Where, however, there is a business usage, or other circumstance, appearing on the record, or of which the court may take judicial notice, which shows that, at the time the parties contracted, they intended the employment to continue through a fixed term, the contract cannot be terminated at an earlier period except for cause or by mutual consent. See: Malever v. Jewelry Co., supra; 53 AM. JUR.2d, Master and Servant, 27; Annot., 161 A.L.R. 706, 713. The nature of school operations is such that, in the absence of evidence of a contrary intent, a contract for the employment of a school teacher is presumed to be intended by the parties to continue to the end of the school year and not to be terminable by either party prior to that time and without cause and without the consent of the other party. G.S. 115-145, incorporated by reference into the contract before us, states the causes for which a teacher may be dismissed prior to the expiration of the school year for which he or she has been employed and prescribes the procedure, including notice and hearing, to be followed in order so to dismiss a teacher. It is not contended that this statute has application to the present controversy.

The question before us relates solely to the right of the County Board of Education, having entered into a contract of employment with a teacher, to terminate the employment at the end of a school year. G.S. 115-142(b), incorporated into and made a part of the contract, on which the plaintiff relies, as completely as if set forth verbatim therein, provides:

"All contracts now or hereafter entered into between a county or city board of education and a teacher, principal, or other professional employee shall continue from year to year unless terminated as hereinafter set forth. When it shall have been determined by a county or city board of education that an employee is not to be retained for the next succeeding school year it shall be the duty of the county or city superintendent to notify the employee, by registered letter deposited in mails addressed to last known address or business address of employee prior to the close of the school year, of the termination of his contract. When it shall have been determined that the services of an employee are not acceptable for the remainder of the current school year, and that the employee should be dismissed and relieved of his position immediately, the provisions and procedures of G.S. 115-67 and G.S. 115-145 shall be applicable." (Emphasis added.)

It is stipulated that the Board of Education in the present instance followed precisely the procedure prescribed in this statute. It is quite clear that this statute, and so the contract entered into by the plaintiff and upon which she relies, prescribes a procedure for terminating the employment of a teacher at the end of a school year entirely different from the procedure prescribed for the dismissal of a teacher during the school year. The statute, and so the contract before us, does not limit the right of the employer board to terminate the employment of a teacher at the end of a school year to a specified cause or circumstance. It does not, in such case, require the board to file charges against the teacher, to notify the teacher of the reason for which the board contemplates the termination of the employment or to permit the teacher to appear before the board and be heard. The statute, and so the contract on which the plaintiff relies, expressly points to the difference between the procedures for dismissal during the school year and for termination of the employment at the end of the school year. Quite obviously, therefore, the failure to provide in this statute for the filing of charges, the statement of the reasons for the board's decision and the granting to the teacher of an opportunity to be heard was not an oversight. Consequently, G.S. 115-142(b), and so the contract upon which the plaintiff relies, can only be interpreted so as to authorize the County Board of Education to terminate the plaintiff's employment in the schools of Buncombe County as it has done.
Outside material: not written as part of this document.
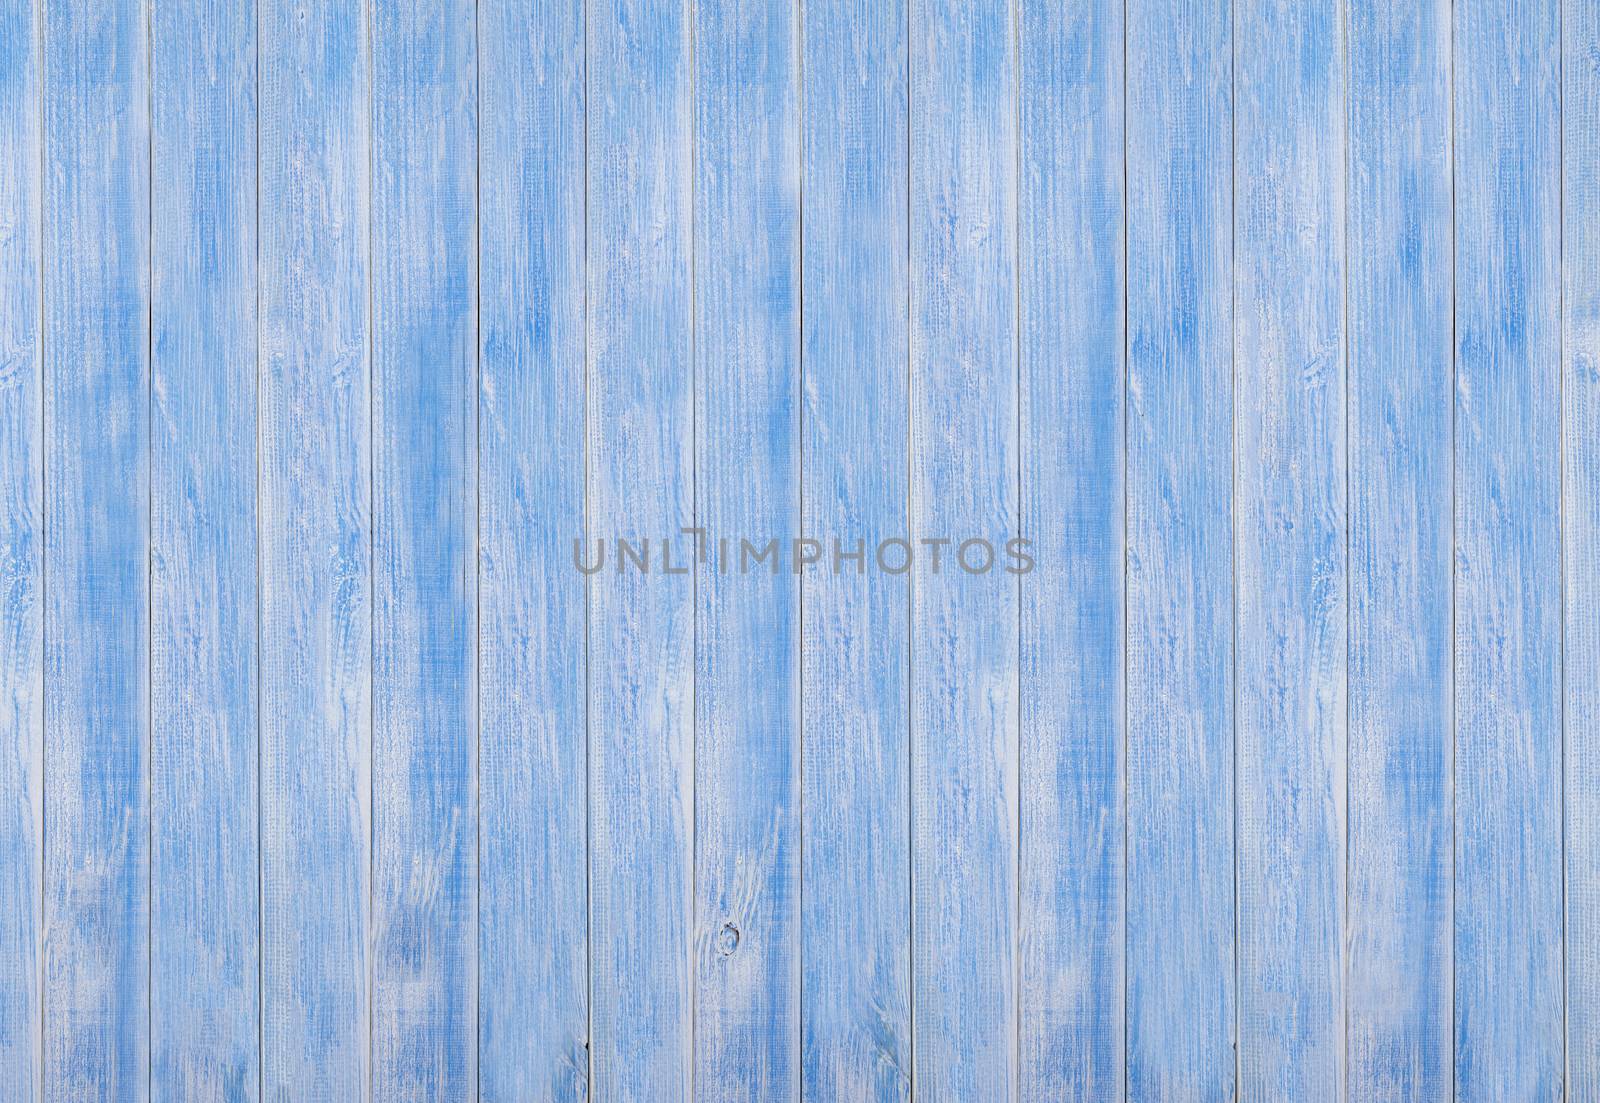 Pale blue wood plank surface texture, wooden board copy space

G.S. 115-34, relied upon by the plaintiff in her brief, has no application to this case. The first part of that statute provides for an appeal from decisions of school personnel to the county or city board of education. The decision of which the plaintiff complains is the decision of the County Board of Education. The remainder of G.S. 115-34 provides for an appeal from a decision of a county or city board of education to the Superior Court when the action of the Board of Education is one "affecting one's character or right to teach." The decision of the defendant board to terminate the employment of the plaintiff does not affect her character, nor does it deprive her of the right to teach elsewhere. See, Cafeteria Workers v. McElroy, 367 U.S. 886, 81 S.Ct. 1743, 6 L.Ed.2d 1230. Furthermore, the record does not indicate any attempt by the plaintiff to appeal to the Superior Court from the decision of the County Board of Education as distinguished from her present action brought in that court.

There remains for consideration the contention of the plaintiff that G.S. 115-142(b), so construed, is in excess of the authority of the General Assembly because it is a violation of a provision of the Constitution of North Carolina or a provision of the Constitution of the United States, as asserted by the plaintiff in the court below and in this Court. The plaintiff asserts that the statute is invalid and, consequently, her contract, which expressly incorporates and makes a part of it the language of the statute, does not give to the Board of Education the right so to terminate her employment at the end of the school year.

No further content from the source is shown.